GPUs are massively parallel SIMD machines (thousands of cores). For DSP problems with high parallelism (image processing, large FFTs, deep neural networks), GPUs are unbeatable. cuFFT (NVIDIA) and other libraries provide FFT throughput in the tens of teraflops on modern GPUs.

GPUs win when there is enough parallel work to fill thousands of cores. They lose for low-latency single-channel work because of kernel-launch overhead.

7.5 FPGAs

For ultra-low-latency or ultra-high-throughput DSP, an FPGA holds the math directly in custom logic. Each multiply-and-add can be a configured DSP slice (Xilinx DSP48, Intel/Altera DSP block) that runs at 500+ MHz. A pipelined FFT processor on an FPGA can produce one output bin per clock indefinitely, with bounded latency.

Used in: software-defined radio (Ettus USRP, RFSoC), high-frequency trading (microsecond-deterministic order processing), 5G remote-radio-heads, defense and instrumentation.

The down-side: FPGA design is hard; HDL coding, timing closure, and tooling are nontrivial.

7.6 ASICs and NPUs

For shipping a billion-unit consumer product (cellphone modems, hearing aids, AirPods), the DSP becomes a custom ASIC. NPU (Neural Processing Unit) is the latest variant, optimized for INT8 matrix multiplication at extremely low power, used for on-device AI inference (image recognition in your phone's camera app, voice activation in your earbuds).

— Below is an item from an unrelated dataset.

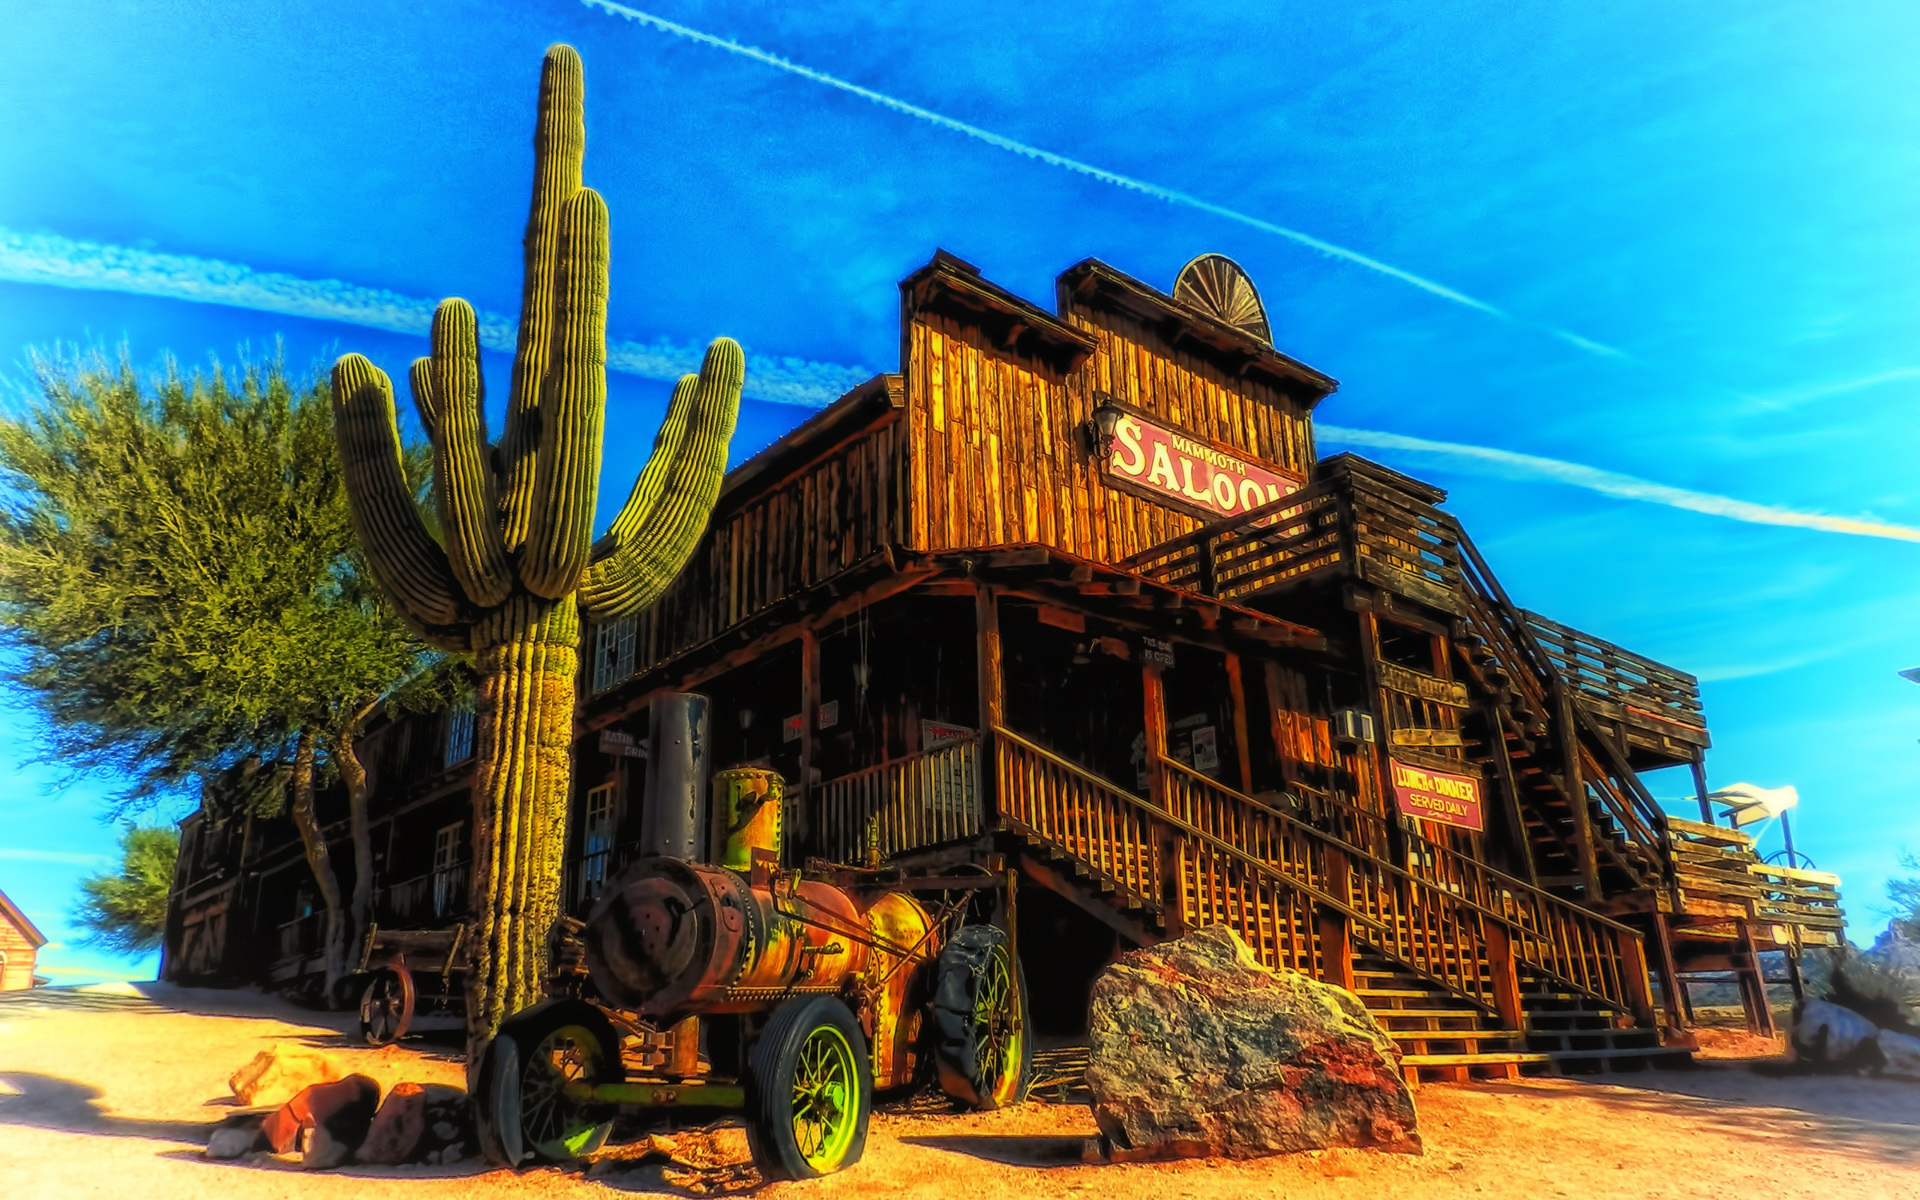 Wallpaper Cactus Bar Saloon Wild West In The

The trend is clear: classical DSP chips are losing ground to general-purpose CPUs with SIMD (for moderate workloads), GPUs (for massive parallel batches), FPGAs (for low-latency / high-throughput specialty), and ASICs/NPUs (for shipped products). Pure-DSP chips remain in the niches where they win: very-low-power audio (hearing aids, headphone ANC), medical implants, industrial controllers, and legacy infrastructure.